* [Data segment]
━━━━━━━━━━

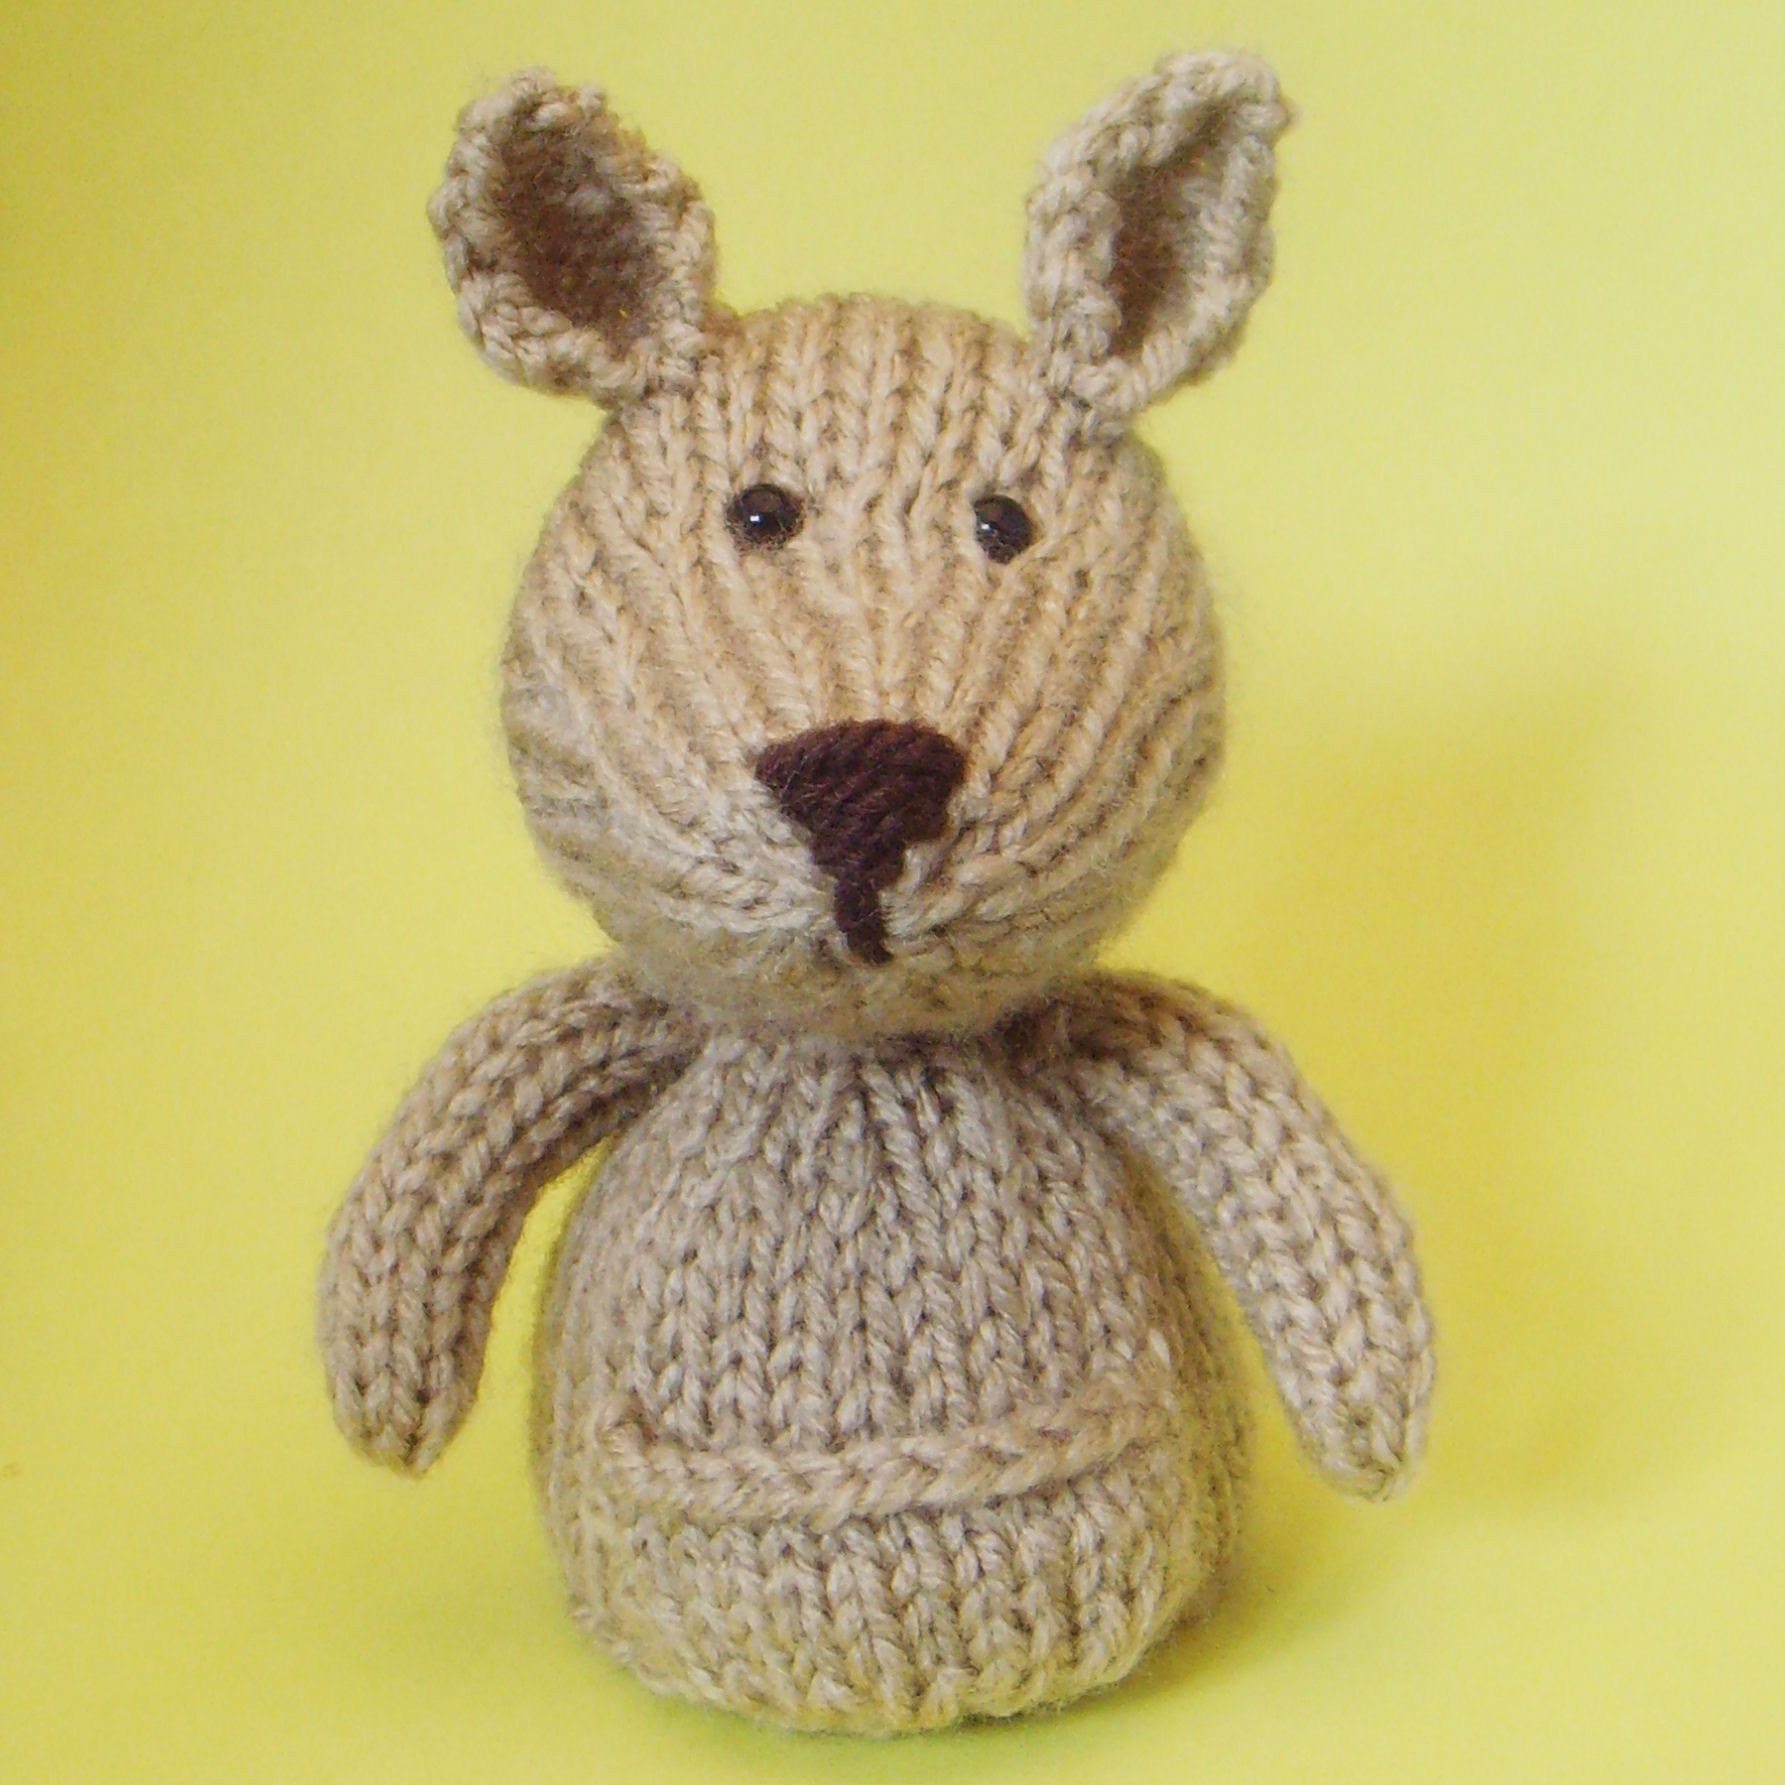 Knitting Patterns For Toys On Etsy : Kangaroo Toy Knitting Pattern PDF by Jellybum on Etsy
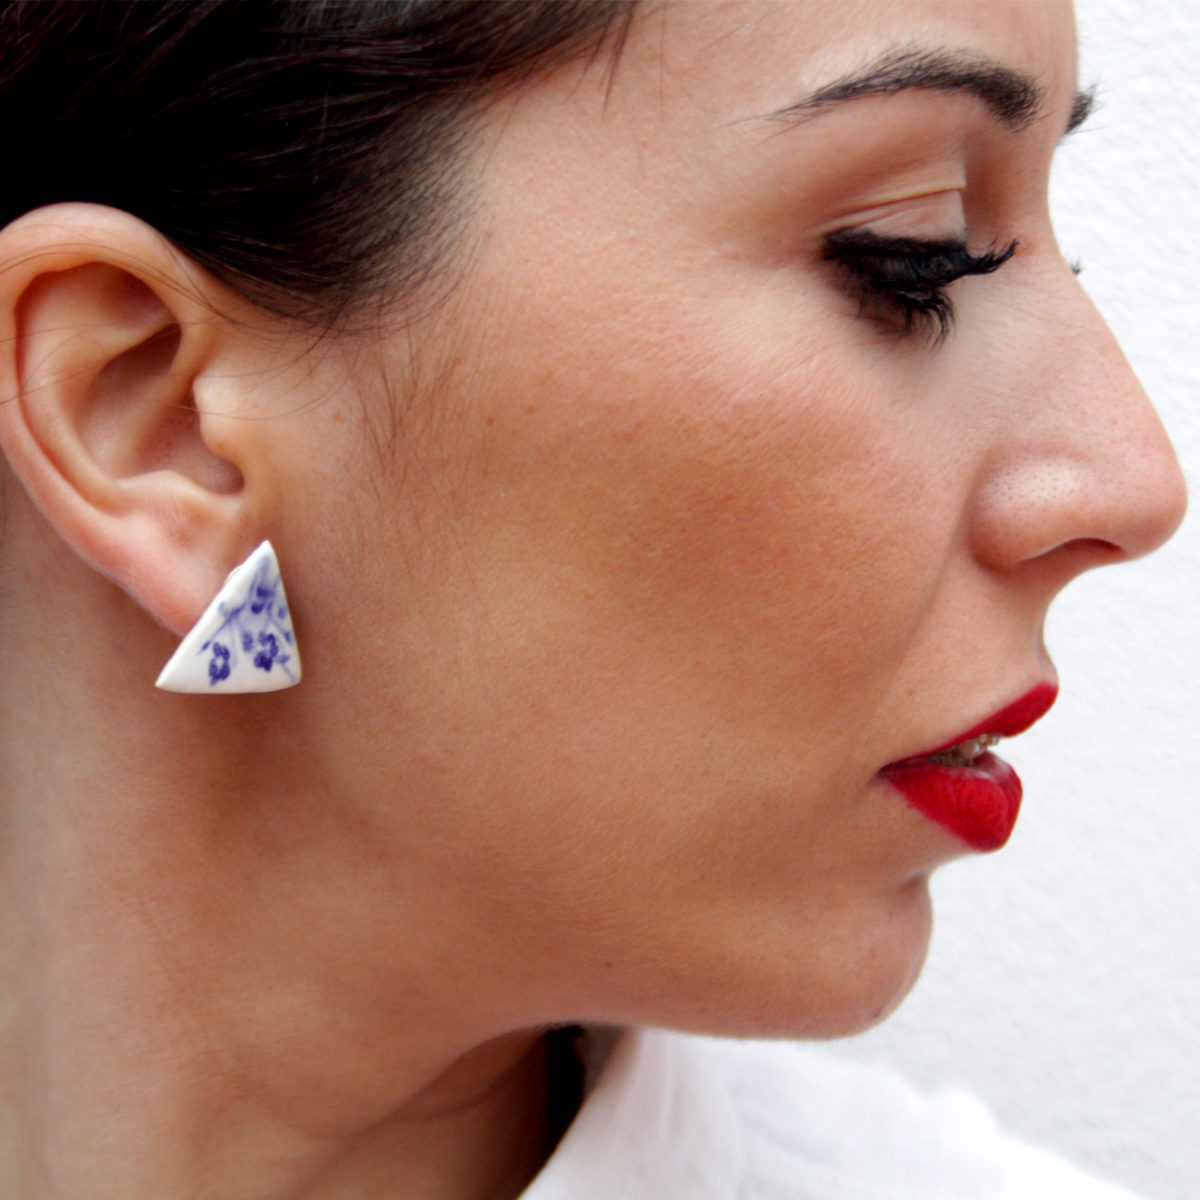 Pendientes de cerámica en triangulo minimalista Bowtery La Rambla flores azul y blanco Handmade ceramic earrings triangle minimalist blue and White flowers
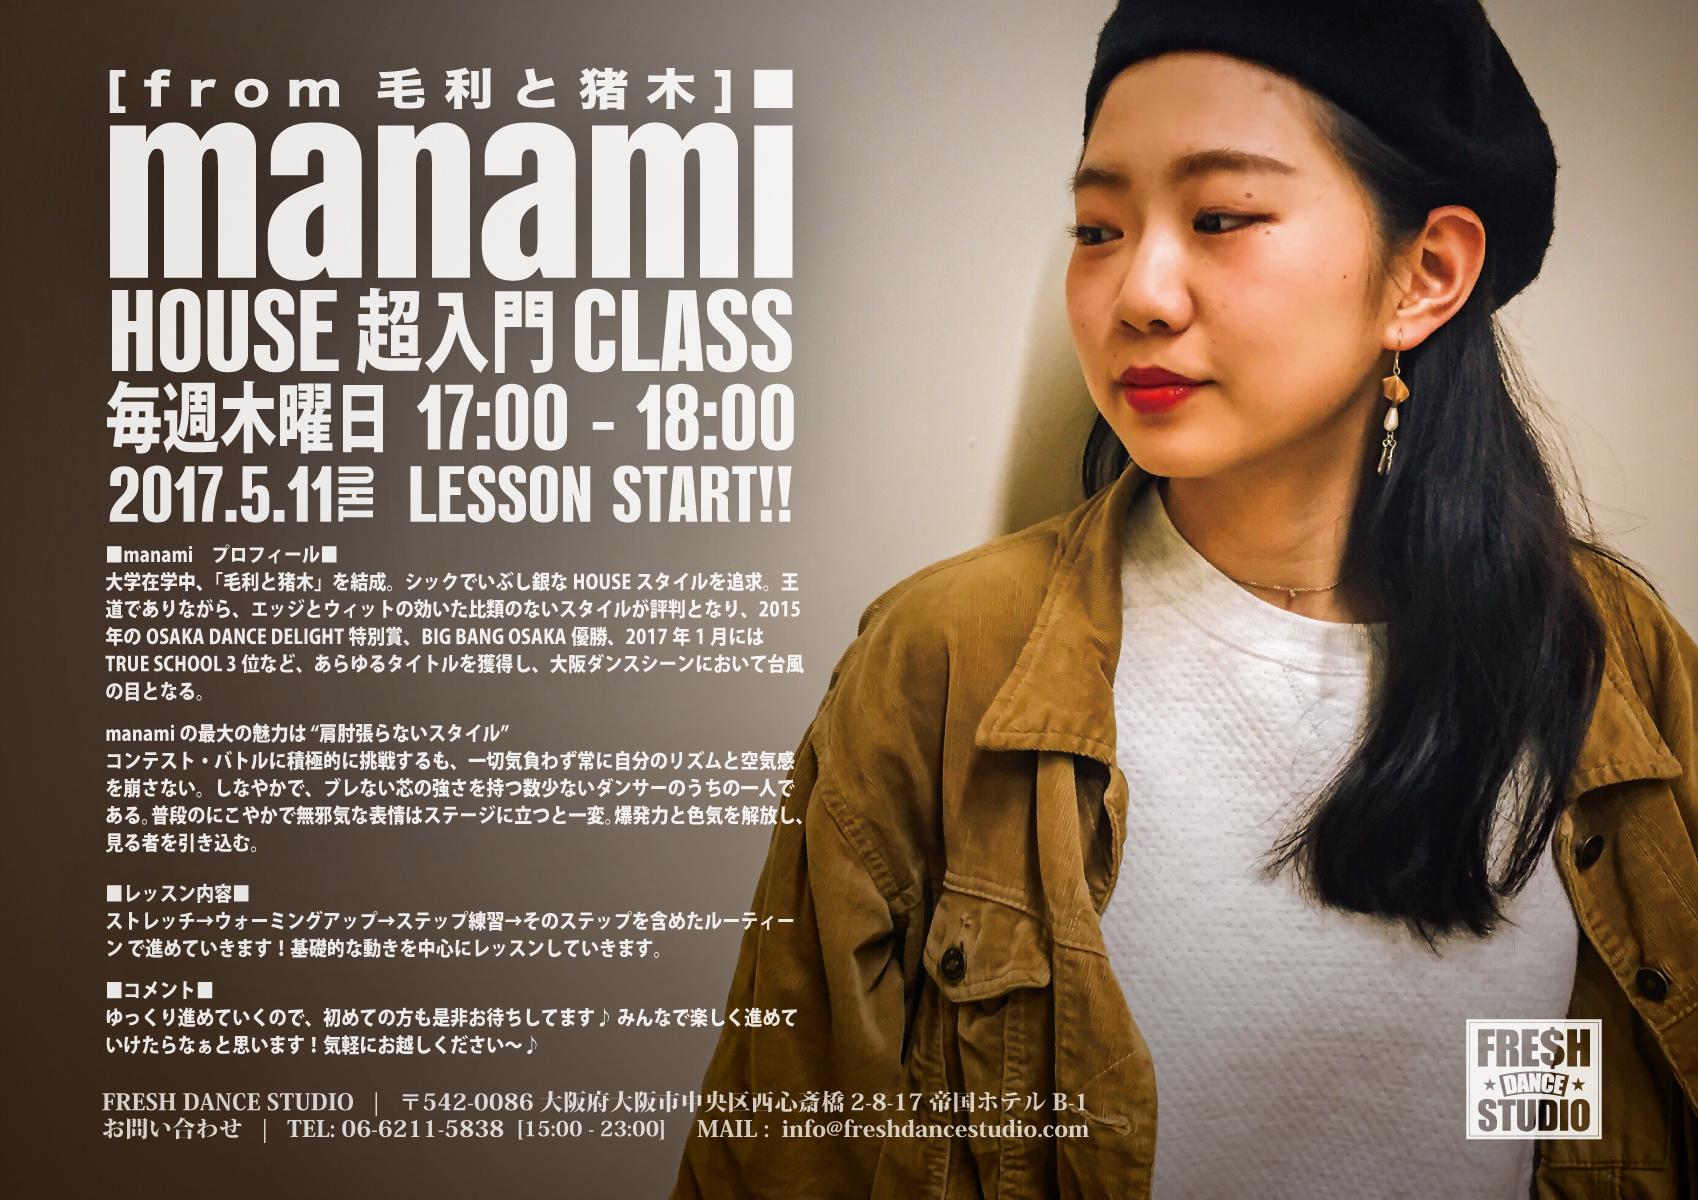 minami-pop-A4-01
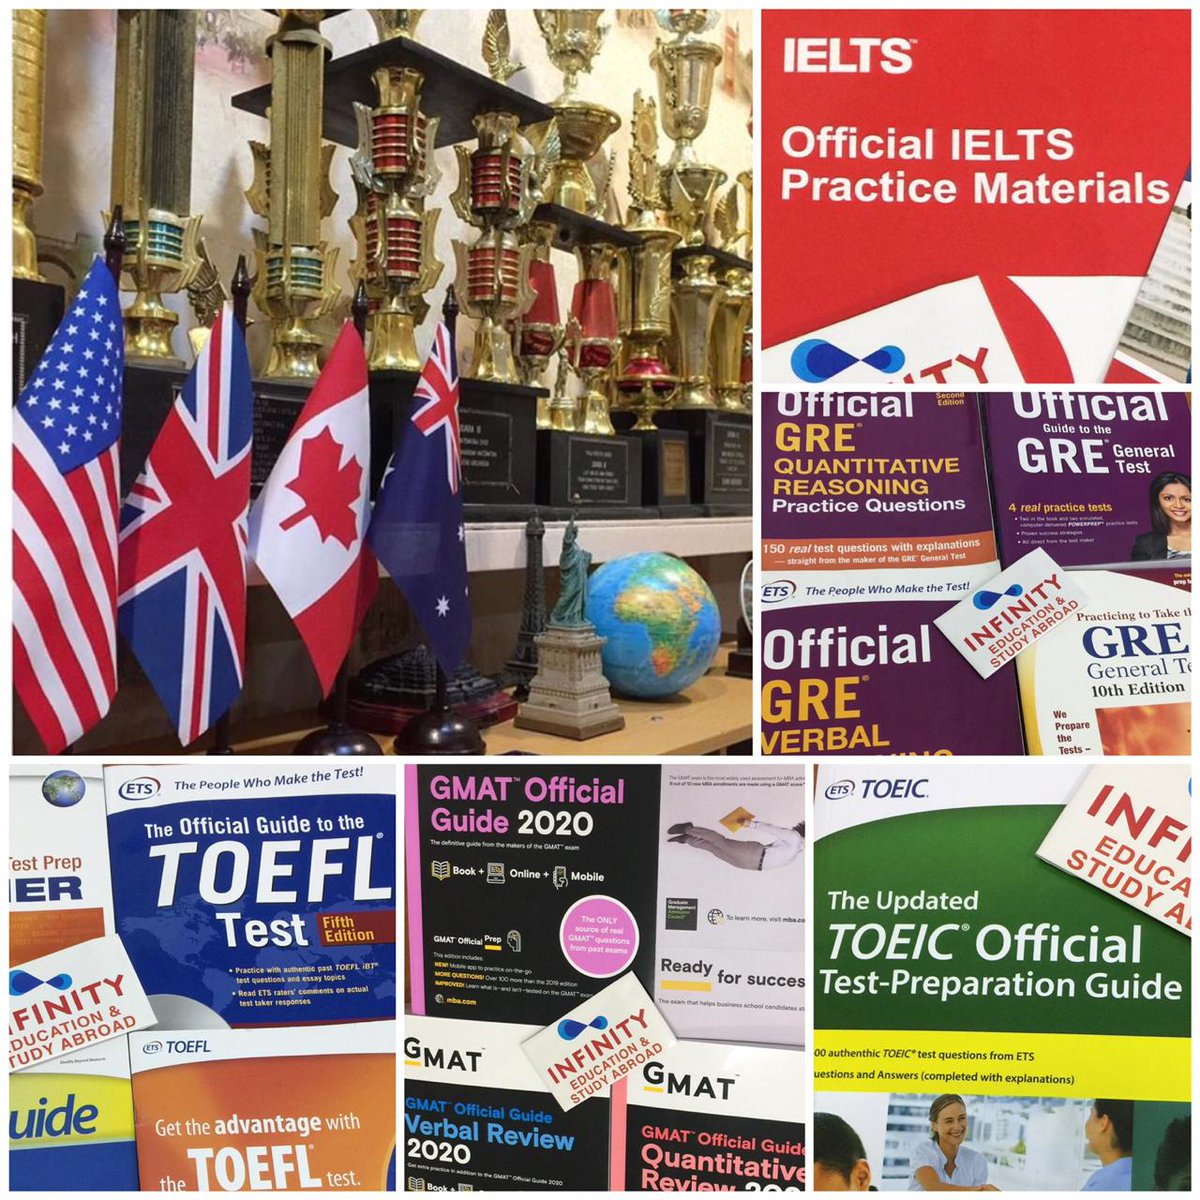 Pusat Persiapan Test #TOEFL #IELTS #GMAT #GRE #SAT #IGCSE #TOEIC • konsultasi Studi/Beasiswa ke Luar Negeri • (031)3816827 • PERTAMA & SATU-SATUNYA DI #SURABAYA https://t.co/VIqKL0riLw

━━━━━━━━━━

* [Work to be completed]
Copy the entire listing exactly but skip the pictures.

* [Exercise answer]
 Knitting Patterns For Toys On Etsy : Kangaroo Toy Knitting Pattern PDF by Jellybum on Etsy
 Pendientes de cerámica en triangulo minimalista Bowtery La Rambla flores azul y blanco Handmade ceramic earrings triangle minimalist blue and White flowers
 minami-pop-A4-01
 Pusat Persiapan Test #TOEFL #IELTS #GMAT #GRE #SAT #IGCSE #TOEIC • konsultasi Studi/Beasiswa ke Luar Negeri • (031)3816827 • PERTAMA & SATU-SATUNYA DI #SURABAYA https://t.co/VIqKL0riLw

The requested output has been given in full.